• _Task_:
Could you give the data that follows again exactly, without its pictures?

• _Input data_:
* * * * *

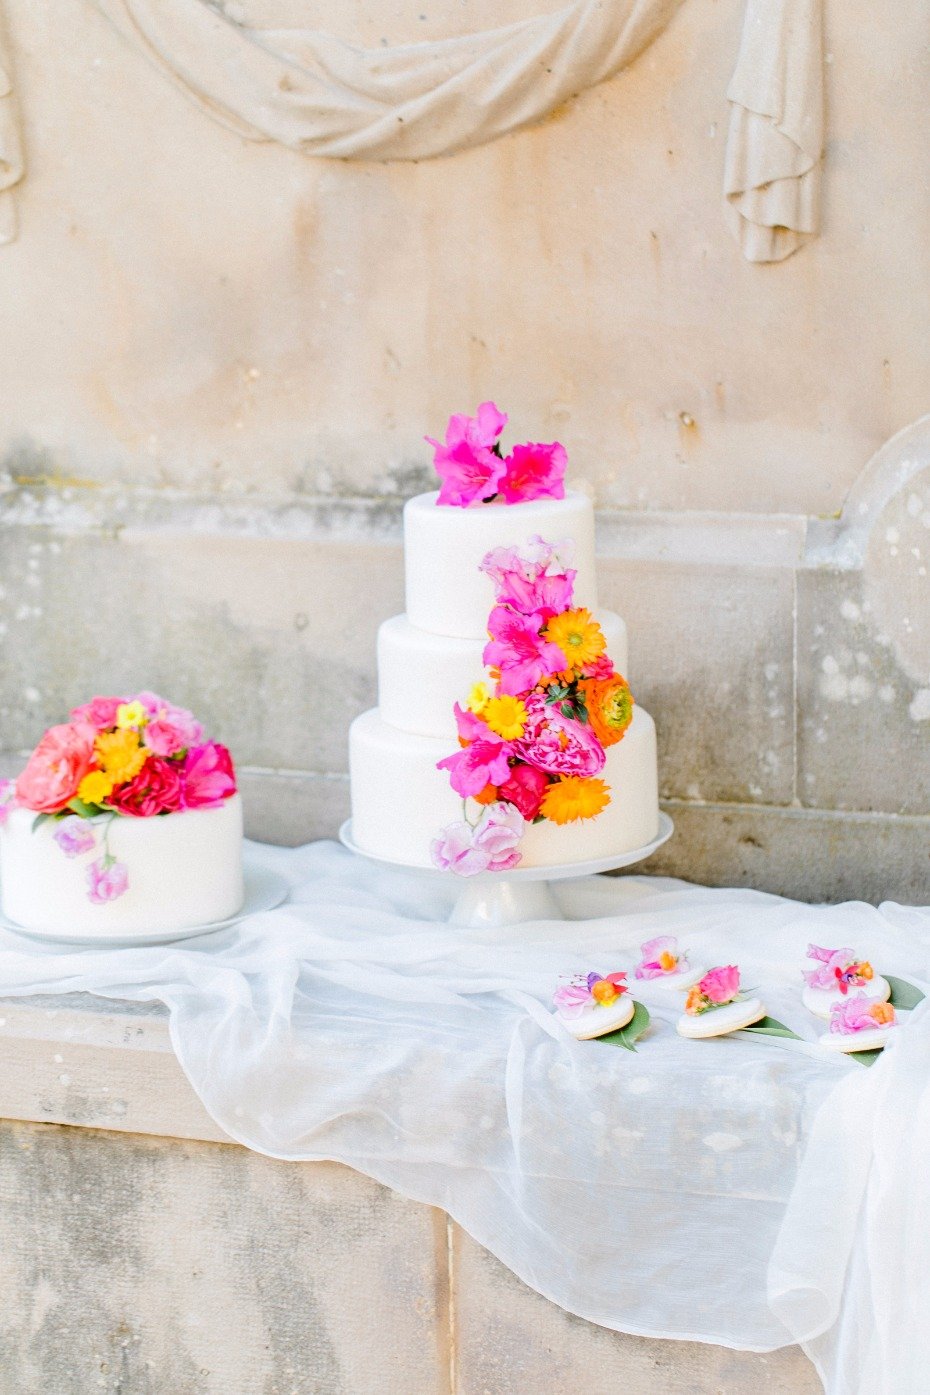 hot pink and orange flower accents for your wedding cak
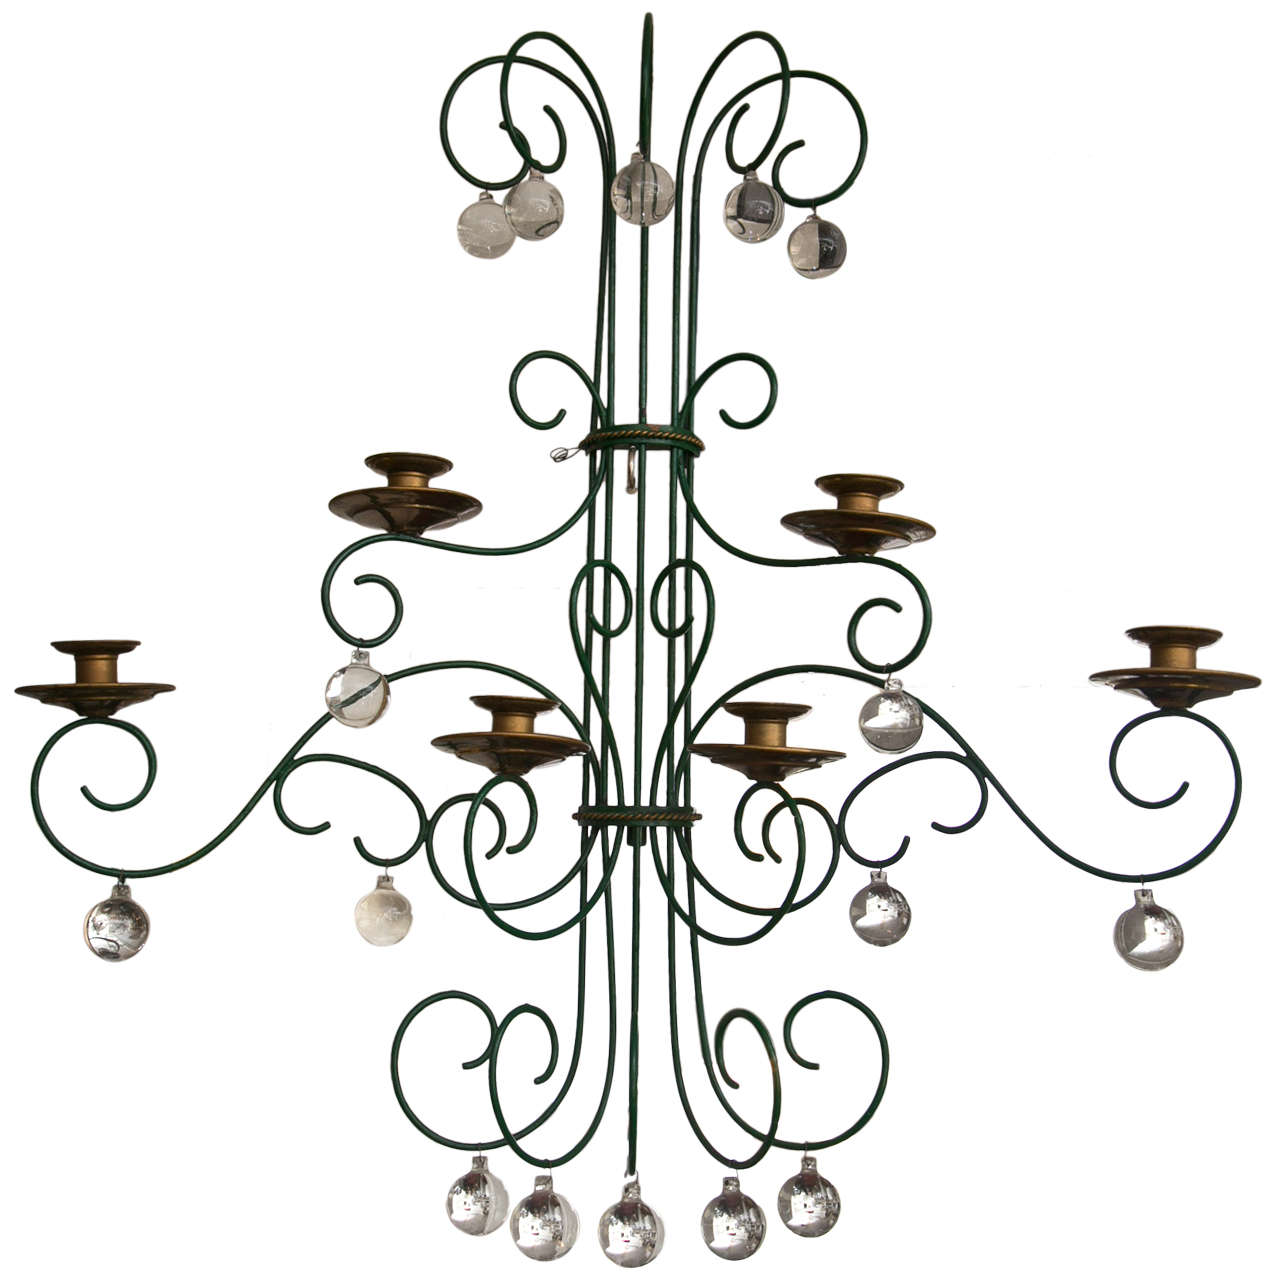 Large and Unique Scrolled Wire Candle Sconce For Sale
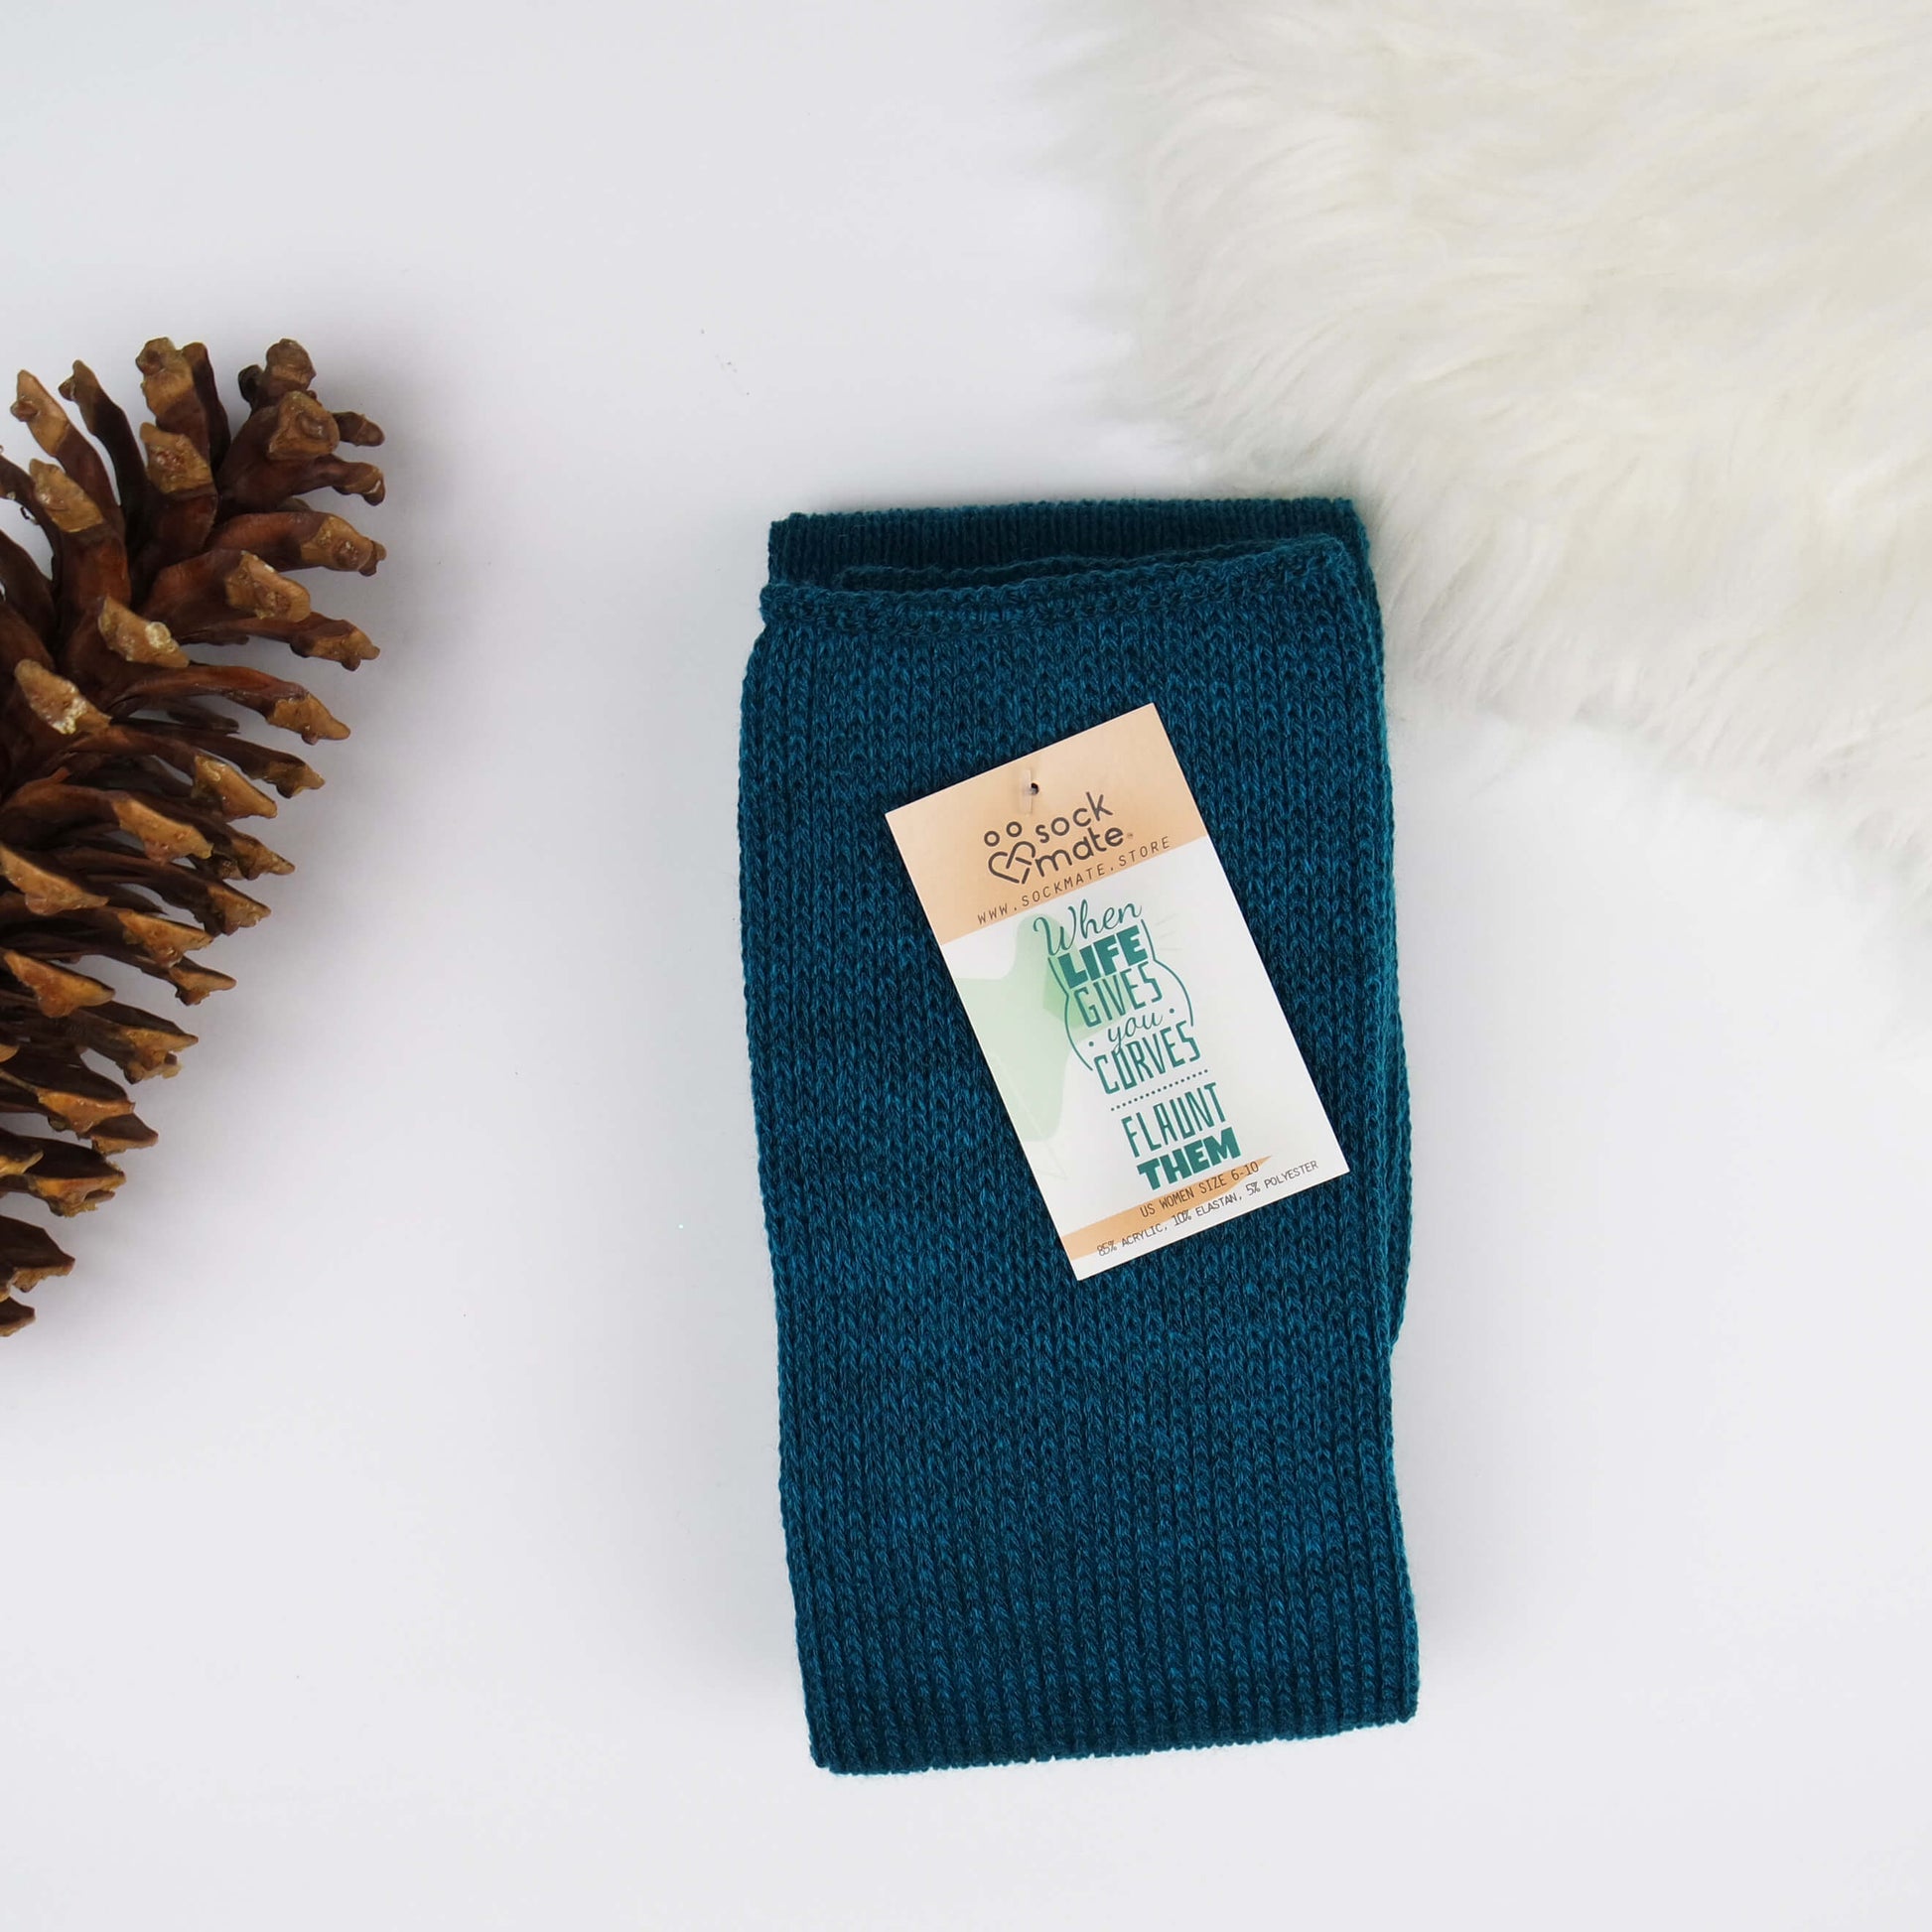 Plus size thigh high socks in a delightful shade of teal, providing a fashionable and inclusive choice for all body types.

* * * * *

• _Written response_:
 hot pink and orange flower accents for your wedding cak
 Large and Unique Scrolled Wire Candle Sconce For Sale
 Plus size thigh high socks in a delightful shade of teal, providing a fashionable and inclusive choice for all body types.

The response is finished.